GENDER DIVERSITY AT WORK
Come un piccolo gruppo di aziende gestisce la diversità di genere sul lavoro: il caso ALUTEAM
Introduzione Pagina | I
Introduzione
«Non è la natura che definisce la
donna: è lei che si definisce
rielaborando in sé la natura, secondo i
propri moti affettivi. […] Donna non
si nasce, si diventa.»
Simone de Beauvoir, Il Secondo Sesso
Questa ricerca nasce dall’osservazione della donna nel mondo del lavoro in Italia e dalla
comparazione della sua posizione con quella che detengono le donne nel mondo del lavoro
negli Stati Uniti e nel Nord Europa, dall’ammirazione per le donne “di potere” e dal
desiderio che anche in Italia diventi possibile, per le donne, conciliare la famiglia con la
carriera senza incorrere in giudizi di sorta o in discriminazioni.
L’obiettivo di questo lavoro è quello di indagare come una piccola realtà aziendale del
panorama industriale della regione Veneto, quale il Gruppo Aluteam, gestisce la diversità di
genere nell’organizzazione del lavoro.

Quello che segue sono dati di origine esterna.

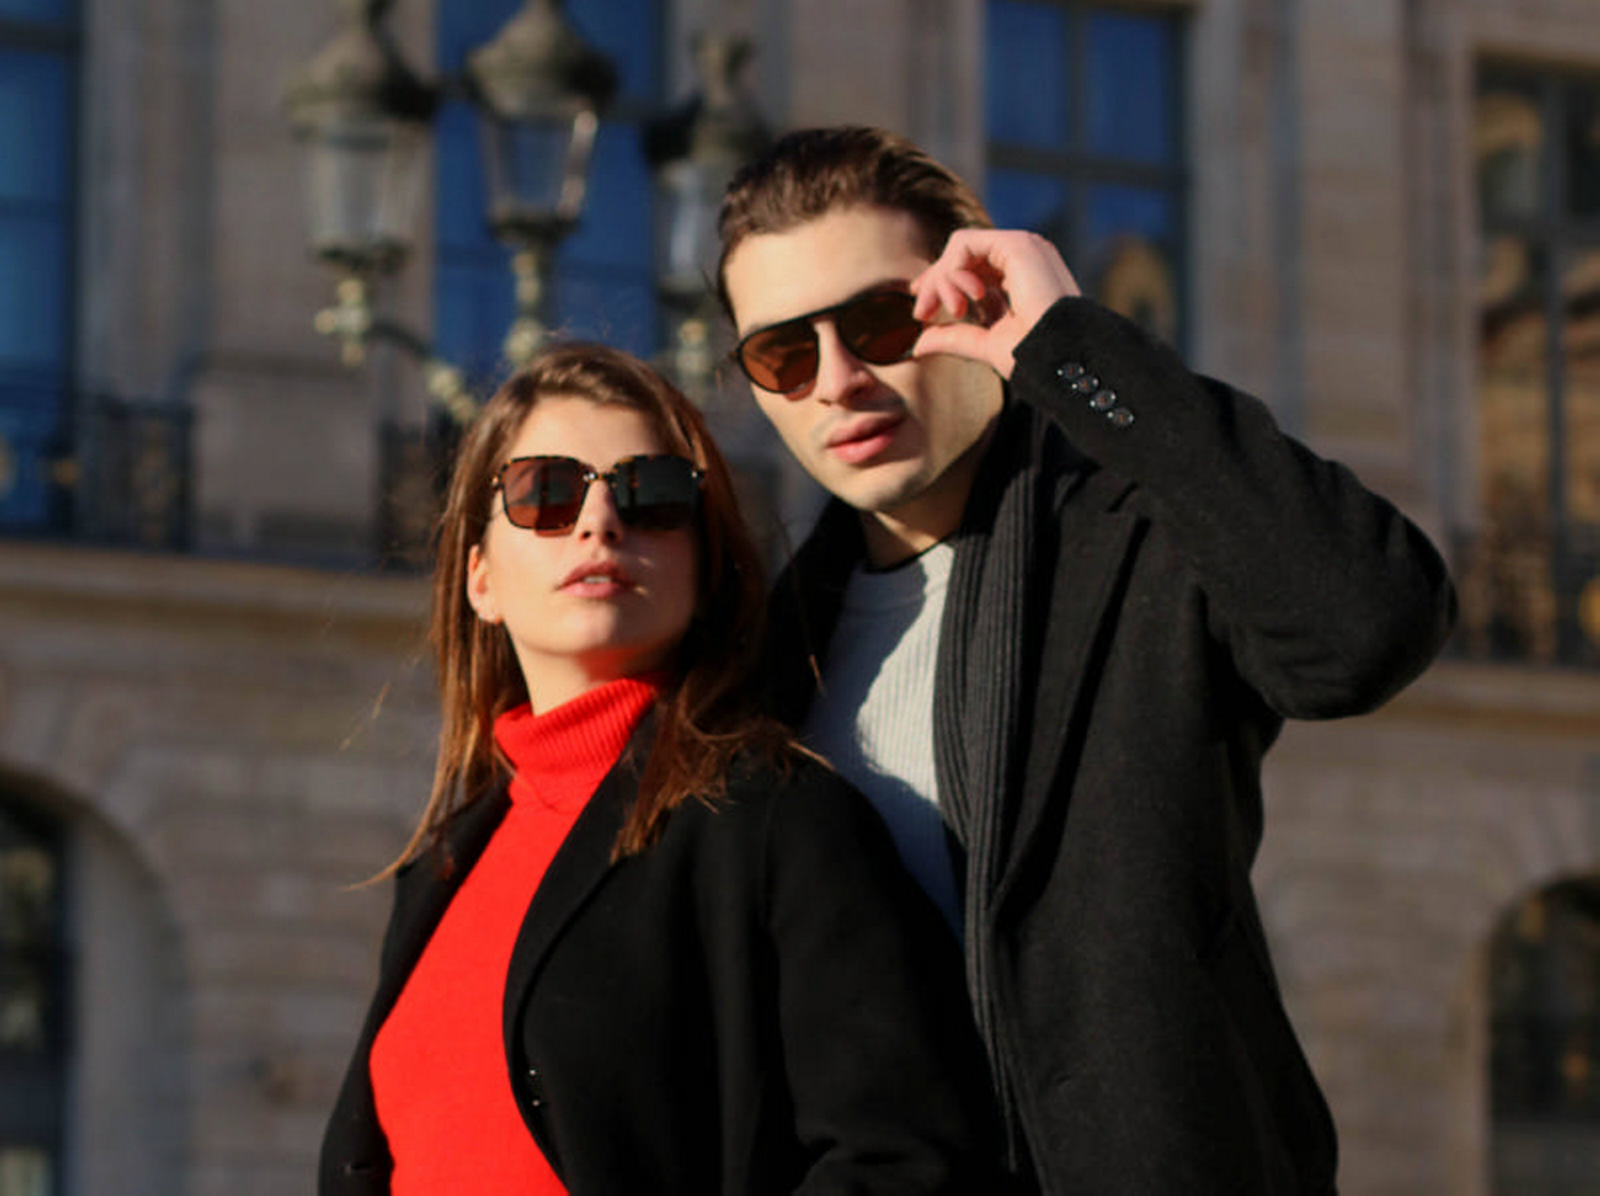 Lunettes MYKITA pour Les Opticiens Eye-Like

Quello che si porta a compimento nel capitolo
quarto di questo lavoro è un vero e proprio Diversity Auditing, una sorta di check-up
aziendale mirato a verificare le dinamiche di genere. Nello specifico, si verifica se il
concetto di gender diversity sia una nozione nuova o già nota, si analizza la cultura aziendale
del gruppo, e si osserva la presenza dei fenomeni del soffitto di vetro e del pavimento
appiccicoso, del Work & Life Balance e della gestione del “doppio ruolo”.
Il lavoro consta di due parti: una prima parte teorica composta dai capitoli primo, secondo
e terzo, ed una seconda parte empirica in cui si analizza il caso Aluteam alla luce delle teorie
descritte nelle precedenti pagine.
Il primo capitolo ha come obiettivo dichiarato quello di “contestualizzare il genere”: questa
ricerca si inserisce, di fatto, nel più ampio ambito dei gender studies. È importante fin dal
principio effettuare una distinzione tra i due termini “sesso” e “genere” i quali segnano
rispettivamente il confine tra ciò che è una differenza anatomica e ciò che è psicologico: il
sesso va considerato quindi unicamente come una categoria biologica, mentre quando si
parla di genere si parla di una categoria culturale. Trattando di genere maschile e femminile
si passano in rassegna i più comuni stereotipi legati alla mascolinità e alla femminilità, e si
sottolinea il rischio della stereotipizzazione che porta ad una visione parziale della realtà.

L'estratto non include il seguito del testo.